Сергей говорил ей что-то, крепко взяв за локти, потом он осторожно расцепил ее пальцы, все еще стиснутые на поручне, и куда-то повел. Уже на бульваре Котовского, в полуквартале от своего дома, она вдруг остановилась и посмотрела на Сергея, словно и не узнавая его.
— Ты не подумал обо мне, — с трудом выговорила она наконец слова, которые все это время бились у нее в мозгу, гася сознание. — Как ты мог… Ты ведь совсем обо мне не подумал…
В этот жаркий послеобеденный час на бульваре было тихо.
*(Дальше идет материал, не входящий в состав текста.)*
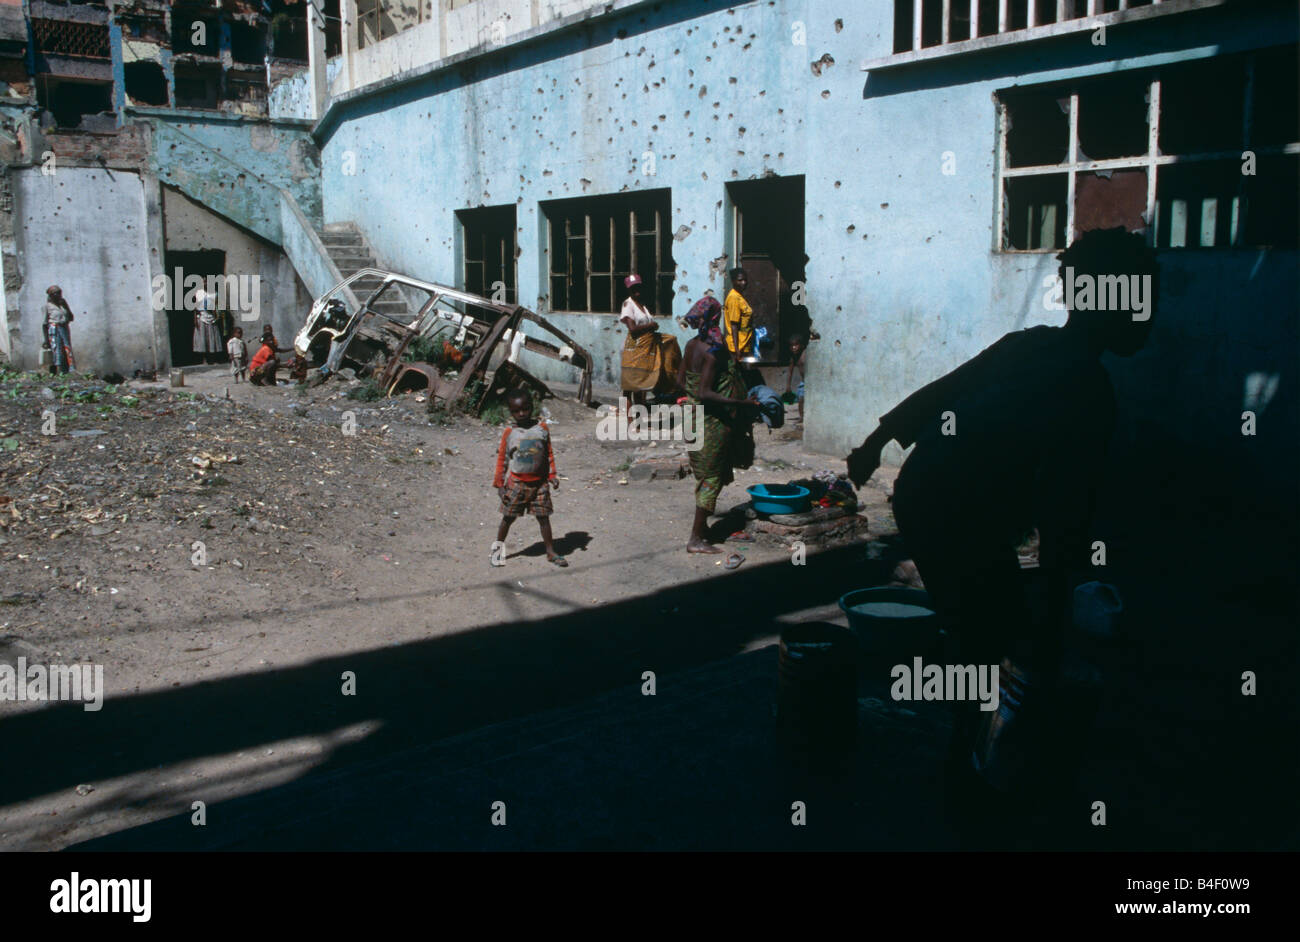 Displaced people sheltering in damaged building in war-ravaged Angola Stock Photo

Привычно шелестели каштаны, пожилая женщина вязала на скамейке чулок, то и дело поглядывая поверх очков на копошащегося неподалеку малыша. Таню снова обдало холодом от дошедшего до ее сознания чудовищного контраста между этой мирной сценкой и тем непостижимым, что уже отняло у нее самой все, составляющее обычную человеческую жизнь.
— Именно о тебе я и думал, — глухо сказал Сергей. — Именно о тебе. Может, я не так все это понимаю, как нужно… Но только я с самого первого дня думаю только о тебе. Кем бы я был, интересно, если бы остался сейчас в тылу, пока тебя кто-то другой защищает там, на фронте…
С первого часа войны Володя Глушко находился в состоянии лихорадочной активности. Отец еще накануне с вечера уехал на рыбалку и звал его с собой, но Володя собирался пойти в лес вместе с одноклассниками; он уже уходил, когда Лена включила радио и он услышал слова: «…Работают все радиостанции Советского Союза». Поколебавшись секунду, он бросил рюкзак на пол и стал ждать начала передачи, — похоже было, что предстояло важное сообщение. Таким образом,
Он начал свою деятельность с того, что дал затрещину Олегу, вздумавшему бурно изъявлять радость по поводу ожидающих их опасных и интересных приключений. Когда тот с ревом убрался из комнаты, Володя произнес энергичную речь, обращенную к матери и сестре, доказывая абсолютную неизбежность полного военно-политического краха Германии в течение ближайших сорока восьми часов, упомянул о Тельмане и великолепных революционных традициях немецкого пролетариата и решительно воспротивился намерению Ольги Ивановны бежать запасаться солью и спичками. Кое-как успокоив женскую половину семейства, Володя Глушко натянул берет и рысью помчался по Подгорному спуску устанавливать контакты с приятелями.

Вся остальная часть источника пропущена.